В XIII в. значительная часть мордвы входила в состав Рязанского и Нижегородского княжеств. В XIV—XV вв. мордва вместе с русским народом участвовала в борьбе против татаро-монгольского ига. С момента вхождения мордвы в состав русского государства (XIV—XV вв.) мордва стала жить той же политической, социальной, хозяйственной и культурной жизнью, что и русский народ. В XIX в. процесс обрусения мордвы принимает интенсивный характер.
Единение культур шло на основе национально-исторического единения народов. Это привело к процессу диалога культур. «Под диалогом культур мы понимаем процесс взаимодействия культурных систем (явлений), в резуль-
ГУСАРОВА Елена Михайловна, аспирант кафедры культурологии, этнокультуры и театрального искусства Мордовского государственного университета.
тате которого каждая культура осознает и обретает свою индивидуальную самобытность»1.
Различные формы заимствования мордовским народом русских песен рассмотрены Л. Б. Бояркиной. Среди наиболее важных она отмечает «прямое заимствование песенных напевов и поэтического текста в целом; заимство-вание напева и поэтического текста в свободном переводе с русского языка на мордовские; заимствование напева и замена русского поэтического текста мордовскими; заимствование поэтического текста и замена русского напева мордовскими; заимствование напева и стиховой структуры; органичные сплавы компонентов музыкального языка мордовских и русских песен; заимствование поэтического текста, слоговой музыкально-ритмической формы напева; приспособление мелодики к национальной, мордовской»2.
Историко-культурные связи этих народов представлены в песнях героического содержания (песни о борьбе человека со смертью, построении города, борьбе с чудовищем, об охотнике, рыболове и коне), семейно-бытовых балладах, песнях исторической тематики (песни о Грозном, ногайском полоне, Разине, Пугачеве, Павле I) и т. д.

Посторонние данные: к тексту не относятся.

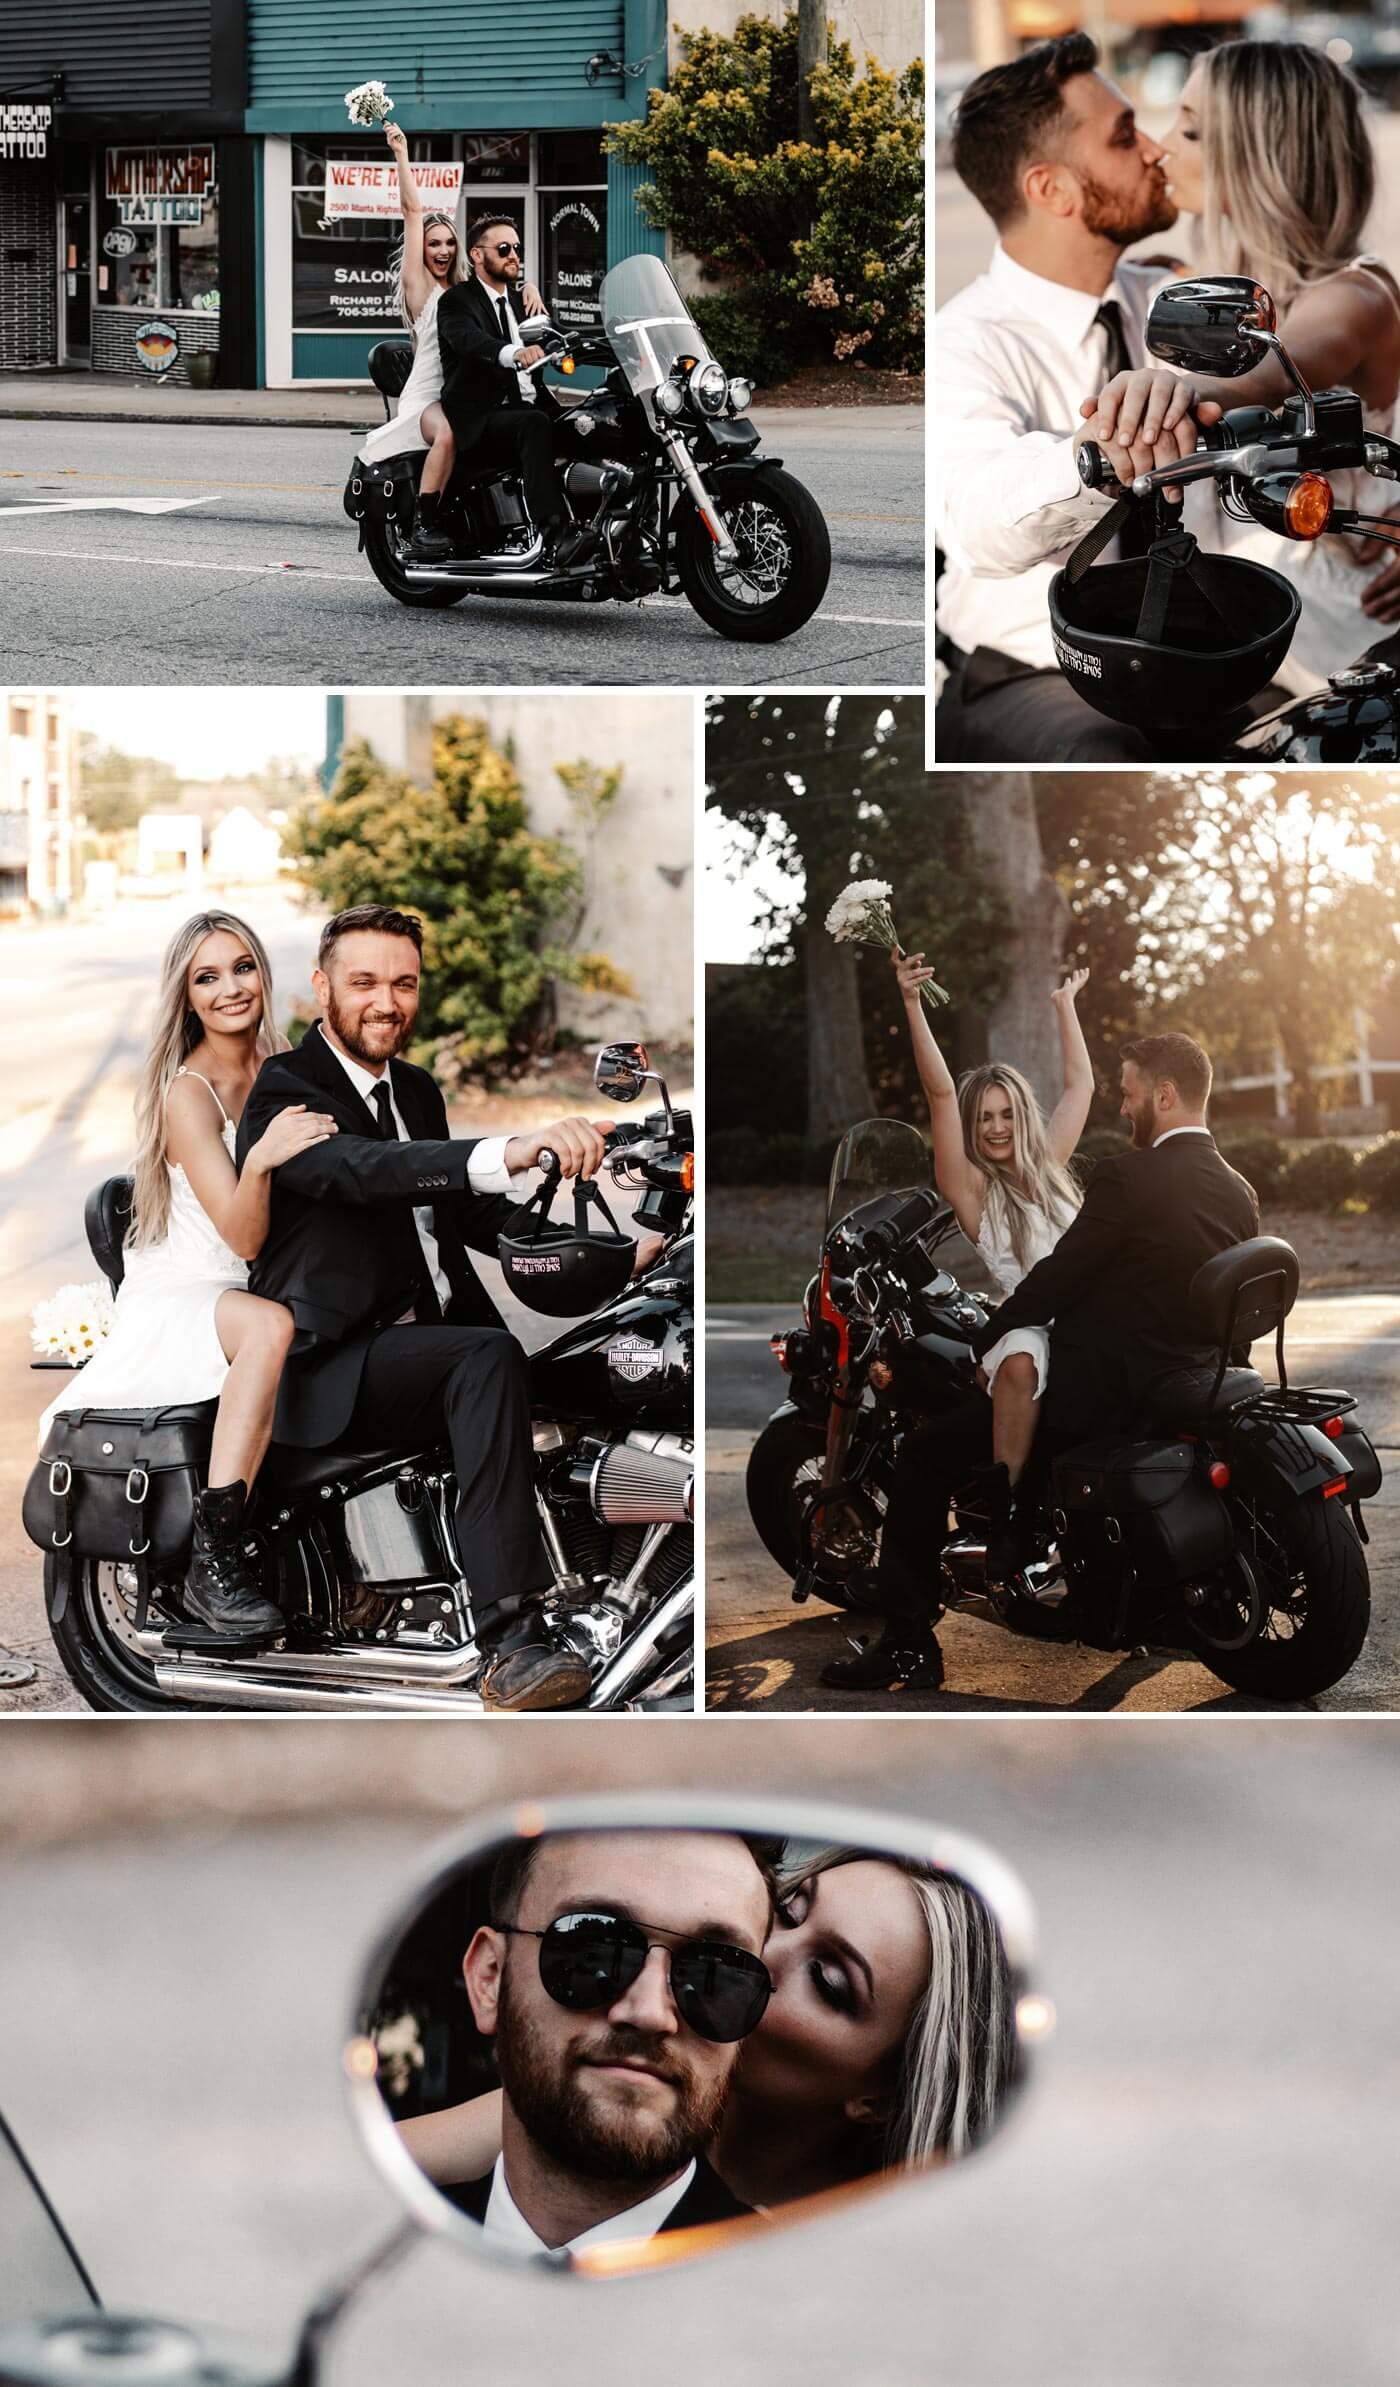 Hochzeit Motorrad

Самую значительную часть произведений традиционного русского фольклора в быту мордовского народа составляют неприуроченные протяжные песни. Они отражают многообразные личностные настроения и переживания, содержат ценностный аспект жизни народов и их песен. По признаку тематической принадлежности их можно разделить на два жанровых вида — исторические и лирические песни; относительно напевов они образуют единый жанр протяжных песен, объединяемых общностью способов исполнения, певческой манеры и музыкального строя. Оба вида песен (исторические и лирические) относят к «Рузонь кувака морот» («Русские долгие песни»).
О тяжести татаро-монгольского ига и борьбе за освобождение Родины мордовский народ рассказывает в исторических песнях «Вирь чиресэ» («На опушке леса»), «Тейтеренть ногайть полонизь» («Девушку ногайцы полонили»), «Ушман Байкась» («Ушман Байка») и др. Главные сюжетные линии русских и мордовских исторических песен и легенд схожи: приход Ивана Грозного под Казань, подкоп стены крепости, установка свечей на пороховых бочках, гнев царя и взрыв.
Несколько фактов, обусловивших сходства мордовской и русской песен, отметил А. М. Шаронов. «Во-первых, творцы обоих произведений были участниками одного и того же события, от которого вынесли сходные впечатления; во-вторых, творцы обоих произведений ставили перед собой близкие цели: показать величие совершенного подвига и его историческое значение; в-третьих, в обоих произведениях одним из главных героев стал один и тот же исторический деятель — царь Иван IV; в-четвертых, оба произведения возникли в одно и то же время, в одной и той же среде на основе общих объективных и субъективных (психологических) предпосылок как разновидности одного и того же творческого акта; в-пятых, оба произведения знаменуют собой появление нового жанра историко-песенного фольклора — исторической песни»3.
Другие сюжеты исторических песен, исполняемых русскими и мордвой, связаны с событиями Отечественной войны 1812 г., в том числе о царе Александре I и атамане Донского казачьего войска генерале М. И. Платове. Песни о Платове распространены на территории республики преимущественно в мокшанских и шокшанских селах, их записывают также и у эрзянских переселенцев Среднего Заволжья. В отличие от других исторических песен тексты о войне 1812 г. интонируются на традиционные мордовские напевы.
Общность идейно-тематического содержания, проблематики героев обусловлена общностью социально-политической жизни русских и мордвы. Здесь прослеживаются отчасти генетические связи, отчасти — типологические. Сходство сюжетов, образов и мотивов вызвано, с одной стороны, прямым сходством изображаемых в песнях событий и ситуаций, равных по значению и одинаково оцениваемых (типологические связи), с другой — переходом произведений от одного народа к другому, их своеобразной ассимиляцией (историко-культурные связи). Разумеется, все эти типы связей существуют не обособленно друг от друга, а представляют диалектическое единство.
Русская историческая песня тяготеет к конкретизации своего предмета, высказывает свое суждение через описание частных фактов. Для мордовской исторической песни свойственна тенденция к обобщению фактов, она описывает наиболее характерное. «Среди русских песен на историческую
тематику повсеместное распространение у мордвы получили офолклоризовавшиеся стихи русских поэтов XIX века: „Ермак" К. Ф. Рылеева, „Утес Стеньки Разина" А. А. Навроцкого, „Из-за острова на стрежень" Д. Н. Садовникова. Они интонируются на общеизвестные русские напевы»4.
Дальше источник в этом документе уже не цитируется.